The orchestra got so show off their paces finely in the ballet music from Act 2 of Ariodante which concluded with Ginevra’s short yet dramatic recit. This led into the performance of “He was despised” (Messiah) referred to above, which was musically strong with lovely straight tone and strongly felt meaning, allied to the sort of tempo which Kathleen Ferrier would have been used to.
“Myself I shall adore”, the solo soprano aria from Semele, was finally sung in full though Alice Coote started this unaccompanied and the instruments gradually joined her. Any joy in the musical performance however, was distracted by the rather over dramatic use of a torch. This was followed by another soprano aria, “Se pieta” which is Cleopatra’s aria from Giulio Cesare. Rather annoyingly the programme said little about the inclusion of these soprano arias, though Cleopatra is a role that has been sung by Cecilia Bartoli.
“Dopo notte” from Ariodante was simply stunning in terms of the vocal control which Alice Coote showed, though starting the aria up-stage did mean that the opening was slightly rocky in terms of ensemble. Her performance was not the conventional bravura, even though all the notes were certainly there, but was quietly intense and internal. After all the virtuoso showing off, we finished with the quiet contemplation of “There, in myrtle shades” from Hercules with the solo cellist coming forward to sit next to Alice Coote on stage.

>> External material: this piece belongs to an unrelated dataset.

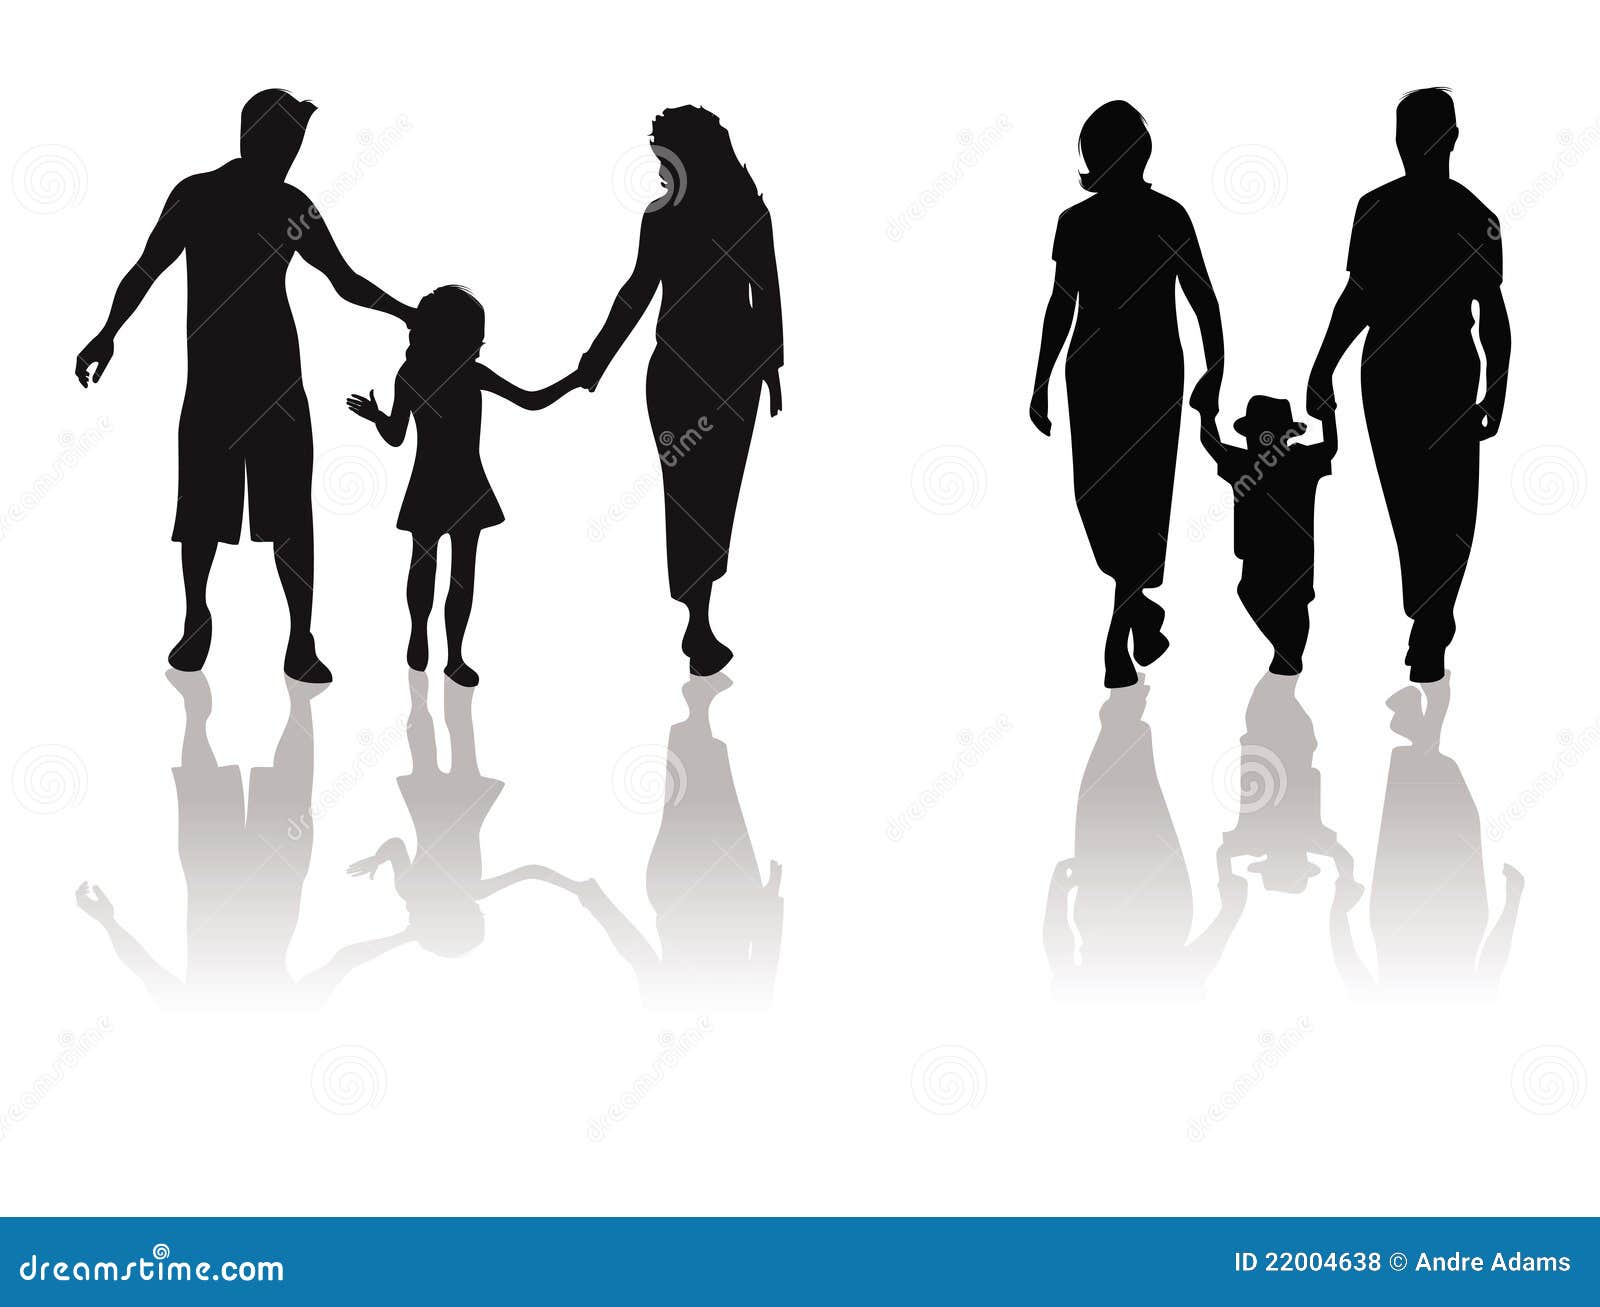 Child Mother Silhouette Stock Illustrations 25 986 Child Mother Silhouette Stock Illustrations Vectors Clipart Dreamstime

This show seemed rather like a missed opportunity; there is much to explore in the subject of gender, sexuality and Handel’s characters, but it did not feel as if these interesting questions were really being addressed. However, Alice Coote is never a boring performer and there was much to enjoy in this show. But I am not sure that the stage action contributed to our enjoyment of the arias and Coote’s personality is such that a simple concert performance would have been equally mesmerising, and possibly more vivid. She was accompanied throughout with discreet poise by Harry Bicket and the English Concert.
The Prom is available on the BBC iPlayer for 30 days.
Robert Hugill
Programme and performers:
Being Both: music from Handel’s Alcina, Ariodante, Giulio Cesare in Egitto, Hercules, Messiah, Semele and Theodora
Alice Coote (mezzo-soprano). The English Concert; Harry Bicket (conductor). Susannah Waters (stage director); Christopher Tudor (movement director). BBC Proms at the Royal Albert Hall; 3 September 2015.